Progetto regionale “Quattro milioni e mezzo di alberi in più. Piantiamo un albero per ogni abitante dell’Emilia-Romagna”.

La Regione Emilia Romagna ha pubblicato un Bando per la distribuzione gratuita di piante forestali, nell’ambito del suo Piano d’Azione Ambientale per il futuro sostenibile.

Si è già svolta nel mese di luglio la fase dell’accreditamento delle aziende vivaistiche.

Nel periodo compreso tra i mesi di ottobre e dicembre 2020, Comuni, scuole, cittadini, imprese e associazioni potranno rivolgersi ai vivai accreditati per ritirare gratuitamente gli alberi da mettere a dimora. Sarà consentita la scelta tra varietà specifiche adatte ai vari territori (pdf, 181 KB): piante prevalentemente autoctone coerenti con le caratteristiche ecologiche del sito di posa. Ogni esemplare presenterà caratteristiche qualitative tali da garantirne l’attecchimento come ad esempio apice e apparato radicale ben formati, oltre ad un adeguato rapporto altezza/diametro. Per quantitativi richiesti superiori alle 100 unità saranno richiesti i dati catastali dei terreni interessati alla messa a dimora; viceversa saranno solo richiesti i dati anagrafici del beneficiario.

Il totale di circa 1 milione 600 mila euro messi a disposizione nel 2020 dalla Regione per acquistare nuovi alberi è suddiviso tra le province in base alla loro estensione territoriale e alla popolazione residente.

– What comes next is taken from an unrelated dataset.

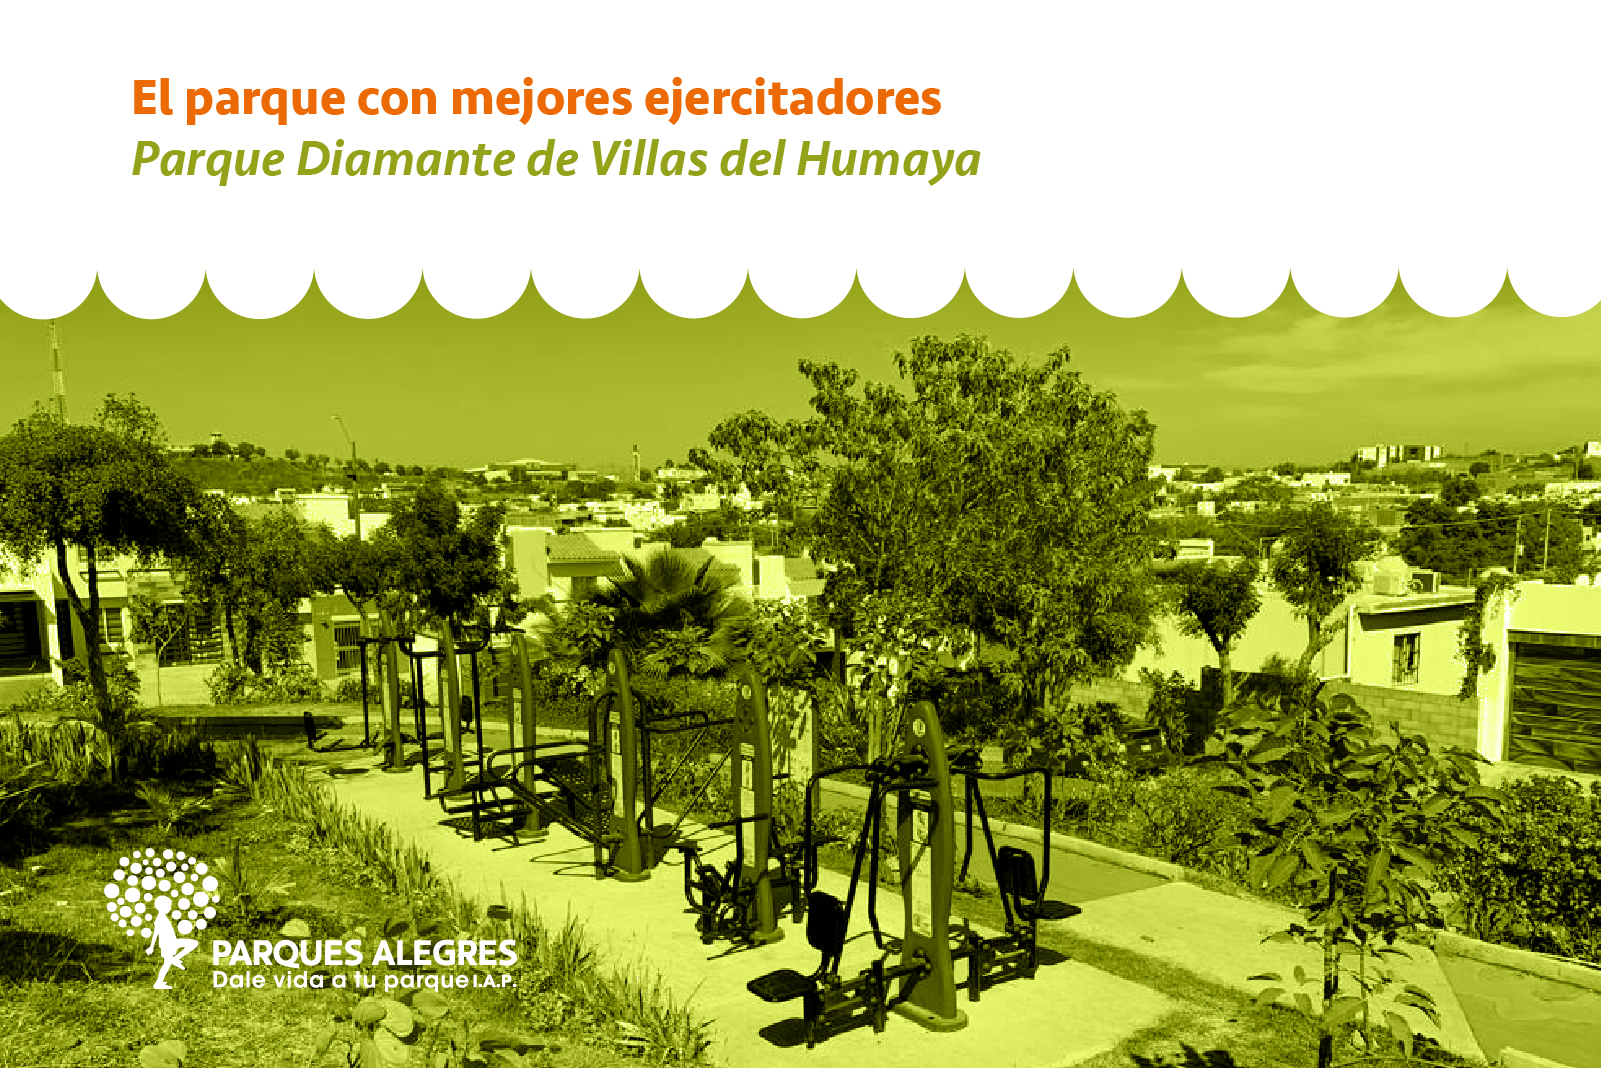 Parques más comprometidos en Culiacán
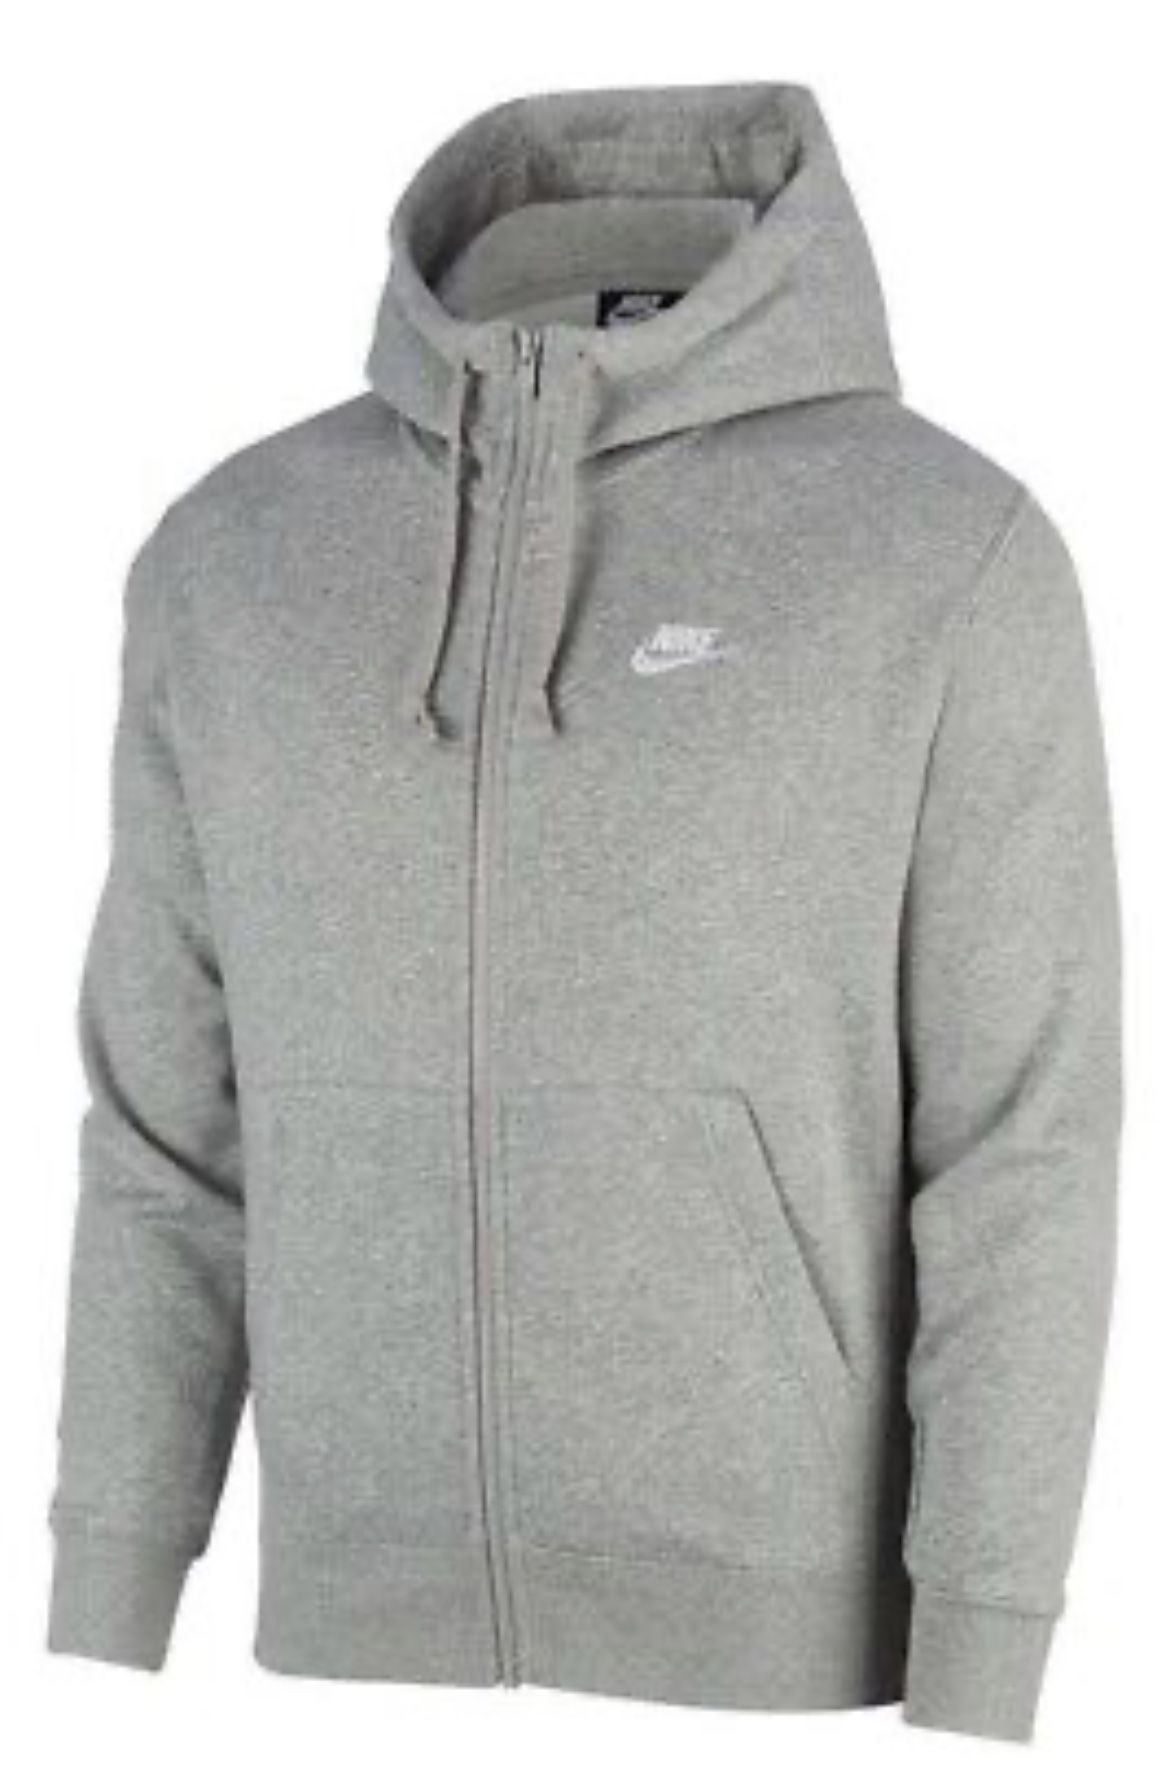 Nike Grey Jacket

Per il capoluogo, Bologna, sono in arrivo oltre 310 mila euro; seguono Modena con quasi 220 mila euro, Parma con più di 200 mila euro e Reggio Emilia con 175 mila euro. Circa 154 mila euro sono assegnati rispettivamente a Ferrara e Forlì-Cesena, a Piacenza 142 mila, quasi 135 mila euro a Ravenna e a Rimini quasi 91 mila euro.

La delegazione Emilia Romagna dell’Associazione Pubblici Giardini ha espresso il proprio interesse ad aderire al progetto, pur riscontrando alcuni aspetti critici: in particolare:

  • il problema dei pochi spazi pubblici adatti a disposizione nei territori comunali per mettere a dimora le piante previste dal progetto, che per le loro dimensioni di partenza non si rivelano adatte per i giardini, ma per ambiti più residuali, come ad esempio rotonde, scarpate, aree patrimoniali,ecc.
  • Inoltre, il fatto che restano in capo agli Enti e cittadini richiedenti gli oneri di messa a dimora e soprattutto quelli manutentivi: si ritiene indispensabile infatti, adottare tutte le tecniche culturali possibili affinché le piante messe a dimora possano avere un futuro, in particolare non dovrà mancare l’acqua.

I membri regionali, riconosciuta l’importanza del progetto, hanno espresso la volontà di assicurare alla Regione la propria collaborazione e si adopereranno per divulgarlo alla cittadinanza o organizzare banchetti di consegna delle piante ai cittadini. E’ ritenuto fondamentale inoltre il coinvolgimento della cittadinanza per la posa e per la manutenzione delle piante.